I visited Marrakesh in 2009 and again in 2016; these photos are a mix of those taken on both visits

22 Comments

  • starship VT

    Sarah, with your words you have summoned up some of my most vivid and wonderful memories of Marrakesh and Djemaa el-Fnaa and transported me back to that magical place!! Your photos have the same effect! Just seeing the Gnawa musician with his krakebs (or Qraqeb Castanets) in your photo brings back incredibly strong memories of how mesmerizing I found that music and it will always remind me of Morocco!

  • Prior...

    This was an informative post and so nice to learn about this culture. My favorite photo is the three shoppers at the dried fruit stalls – and then the way you noted the pryer amidst the secular activities really connected to the layers in so many ways.
    wishing you a great week (and I came here from the Sunday stills challenge and nice way to lead into #Ligth up Night)
    🙂
    ~Yvette

  • Rose

    Your images and descriptions are so vivid. This is an area I’m unfamiliar with, yet I can almost ‘smell’ the barbecues, and ‘feel’ immersed in the action.

  • CliffClaven

    You keep posting about places that trigger so many memories! Nowadays there is a speedy motorway linking Casablanca and Marrakech, but when I worked in Casablanca nearly 50 years ago I regularly drove my Little Red Car along the meandering two-lane highway across the scrubby landscape, weaving past lumbering trucks, on the four-hour drive to Marrakech. I remember eating spicy merguez sausages at 2 a.m. on the square when the temperature was below zero, I remember a crazy evening in a dodgy bar just off the square, I remember sitting on the rooftop terrace of a cafe overlooking the square. Ten years ago a similar cafe – perhaps even the same one – was the target of a deadly terrorist bomb.

    • Sarah Wilkie

      I’m happy to have triggered so many interesting memories for you to share Michael – and of course there would have to be a bar among them! I remember that cafe, as we ate there on our first visit in 2009. They were really lovely people. I was on crutches after breaking my foot and they usually only served full meals upstairs, the ground floor was more of a coffee shop. But when the stairs seemed too daunting for me they offered to serve their full menu to us down on the terrace and even brought complimentary little sweet treats from the bakery counter to have with our coffee after it 🙂 I really felt for them when I heard about the bomb.

  • Oh, the Places We See

    Thanks for bringing back fond memories of a very interesting place.
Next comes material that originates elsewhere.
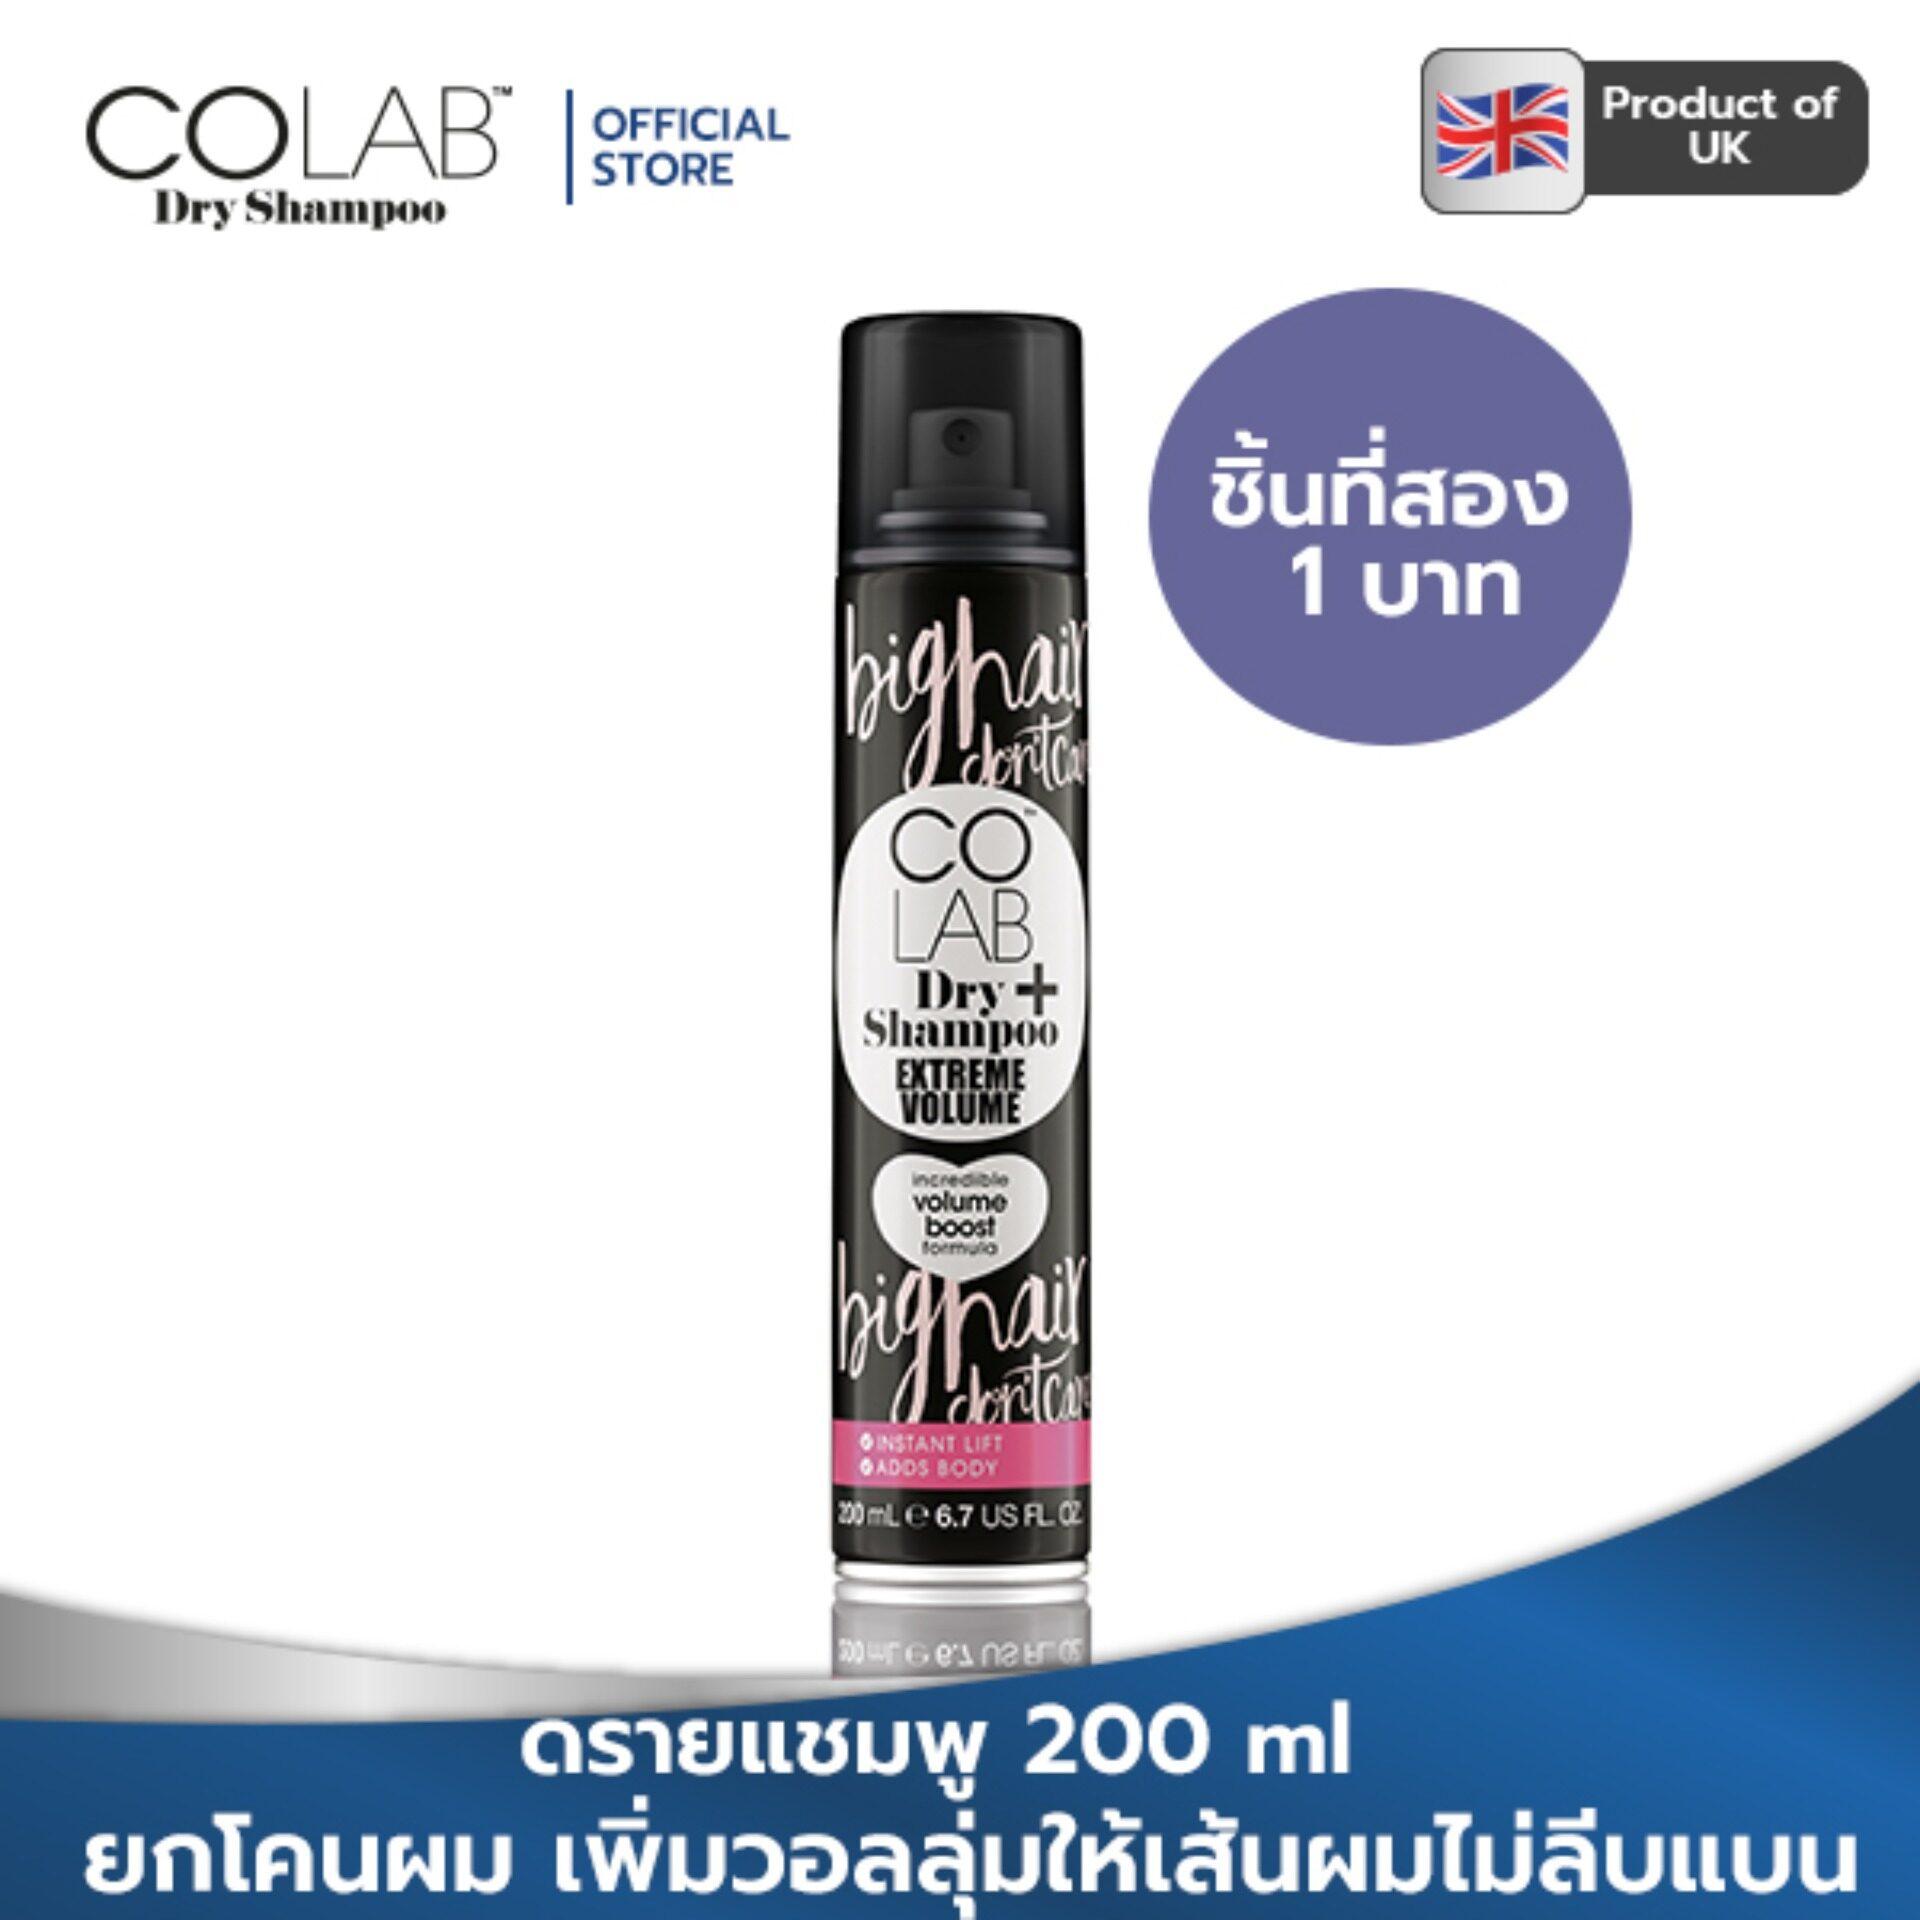 [ชิ้นที่สอง 1 บาท] Colab Extreme Volume Dry Shampoo ดรายแชมพู กลิ่นหอมเย้ายวน เพิ่มวอลลุ่มให้เส้นผมไม่ลีบแบน ปริมาณ 200 Ml..

We weren’t brave enough to stay after dark, but in our brief time there, we were fascinated by food, dancers, music, and animals! What a remarkable place in the world.

    • Sarah Wilkie

      Thank you, I’m happy to have brought back those fond memories for you. It’s a shame though that you didn’t get to experience it after dark. Do try to do so if ever you go back to Marrakesh – it really isn’t scary and is no less safe than the daytime as long as you keep your wits about you. I never felt threatened – hassled a bit, yes, but never threatened 🙂

  • thehungrytravellers.blog

    Sarah you’ve captured one of our favourite places really well. That unique, buzzing atmosphere as you walk into the square at night is wonderfully stimulating. In fact we’d go so far as to say, you never forget the feeling of that moment – your first time entering the square at night. Love the place, love the experience. Although we resisted the temptation to buy any second hand teeth…..

    • Sarah Wilkie

      Thank you 😊 I’m really pleased you feel I’ve done it justice. I’ve rarely been anywhere where the air has felt so electric, except perhaps a big football stadium before an important match!! And yes, entering at night, seeing the smoke hanging in the air even from a distance, smelling the meat grilling … It’s like nowhere else 😀

  • Terri Webster Schrandt

    How amazing to see the Marrakesh market place in all its splendor, Sarah! As you describe, daytime is a performance, but night is a “spectacle!” You captured the frenetic pace and colors of the markets! I bet it was a noisy place too! I think it’s perfect for this theme for Sunday Stills. I wish you a wonderful Christmas and a fabulous (but safe) start to 2022!